Quoiqu'il s'en défende, l'homme est au moins aussi inconstant, calculateur, compliqué et indécis que la femme. C'est joliment mis en forme et en contexte dans le petit roman de Bernheim.
Force est de constater, malheureusement, que l'auteur est une auteure...

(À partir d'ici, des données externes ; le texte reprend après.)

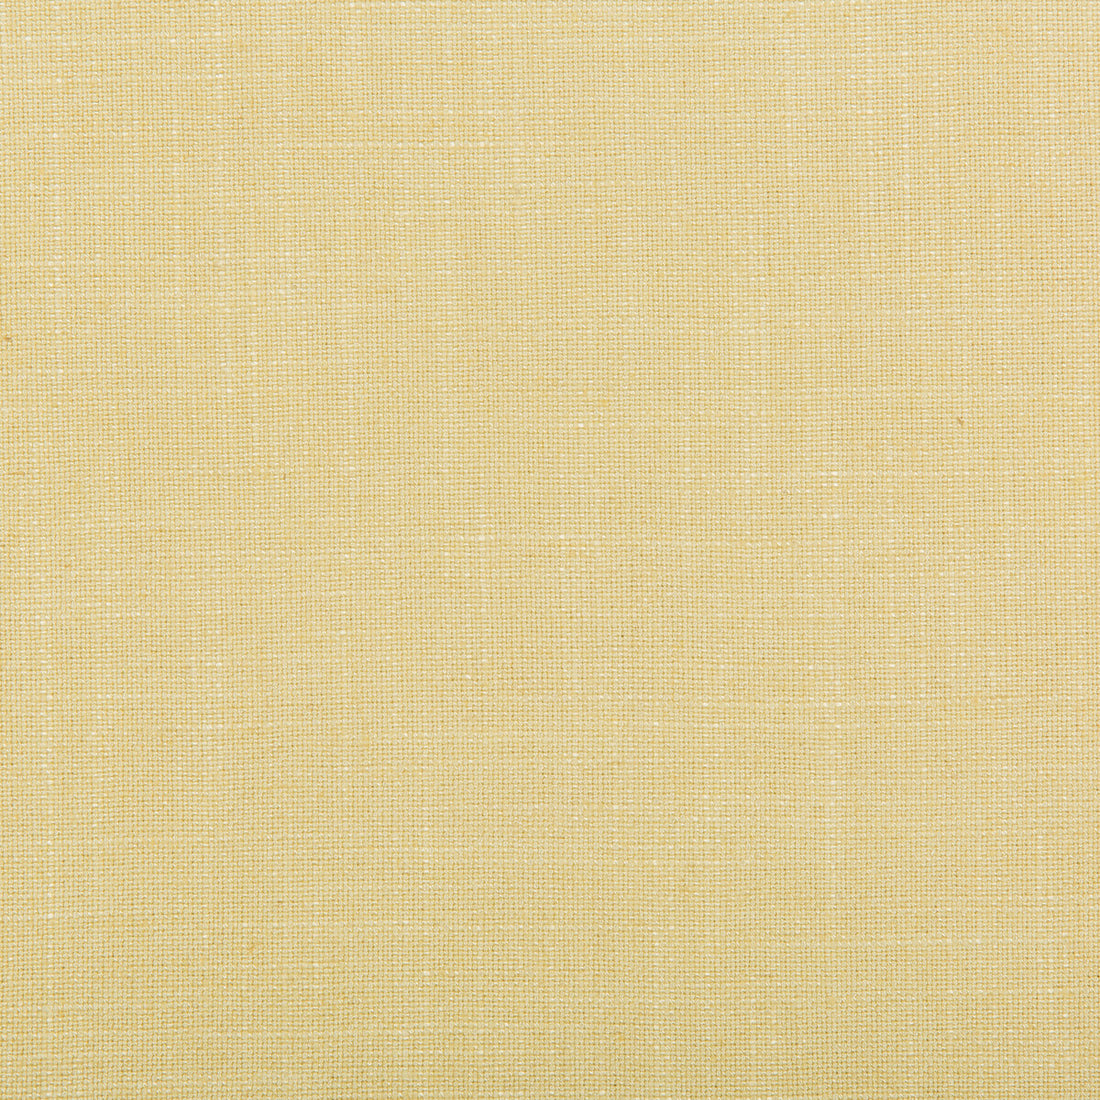 Aura fabric in butter color - pattern 35520.14.0 - by Kravet Design

Il était huit heures et demi. Loïc rentra de l'hopital. Il n'irait pas chez Hélène. Elle avait probablement déjà préparé le dîner. Elle avait fait sa toilette, mis son diaphragme. Elle lisait le journal, vérifiait son maquillage et sa coiffure, regardait la télévision, passant gaiement d'une chaîne à l'autre. Elle attendait. Elle commencerait à s'impatienter vers neuf heures et quart. Elle baisserait le son du téléviseur afin de mieux entendre les bruits de la cage d'escalier. Une vingtaine de minutes plus tard, elle éteindrait le poste. Elle resterait immobile sur son canapé, les coudes sur les genoux, le menton dans les mains. Chaque craquement dans l'escalier, chaque vibration de l'ascenseur la ferait sursauter. Mais aucune semelle ne se frotterait à son paillasson et personne ne sonnerait à sa porte. Et puis elle s 'inquièterait. Elle téléphonerait chez lui. Il ne répondrait pas.

(...)

Loïc regarda sa montre. Il était onze heures et demie. Ses membres étaient ankylosés. Il n'avait pas bougé de son fauteuil depuis le début de la soirée. Que faisait Hélène? Il souleva le récepteur du téléphone, écouta la tonalité et raccrocha. La ligne n'était pas en dérangement. Loïc n'avait pas dîné. Il prit dans son frigidaire le vieux pot de miel et tenta d'en étaler sur des biscottes. Elles se brisèrent toutes. Il les mangea. Il remarqua pour la première fois combien les biscottes pouvaient être bruyantes quand on les mâchait. Il s'interrompit à plusieurs reprises, la bouche ouverte, craignant de ne pas entendre la sonnerie du téléphone. Il marchait de long en large. Soudain, il aperçut, dans le dessin du tapis, une forme qui ressemblait à une tête de chien. Il ferma les yeux, les rouvrit. La tête de chien était toujours là. Il s'éloigna, revint. Il ne voyait qu'elle. Il enfila son manteau et quitta son appartement.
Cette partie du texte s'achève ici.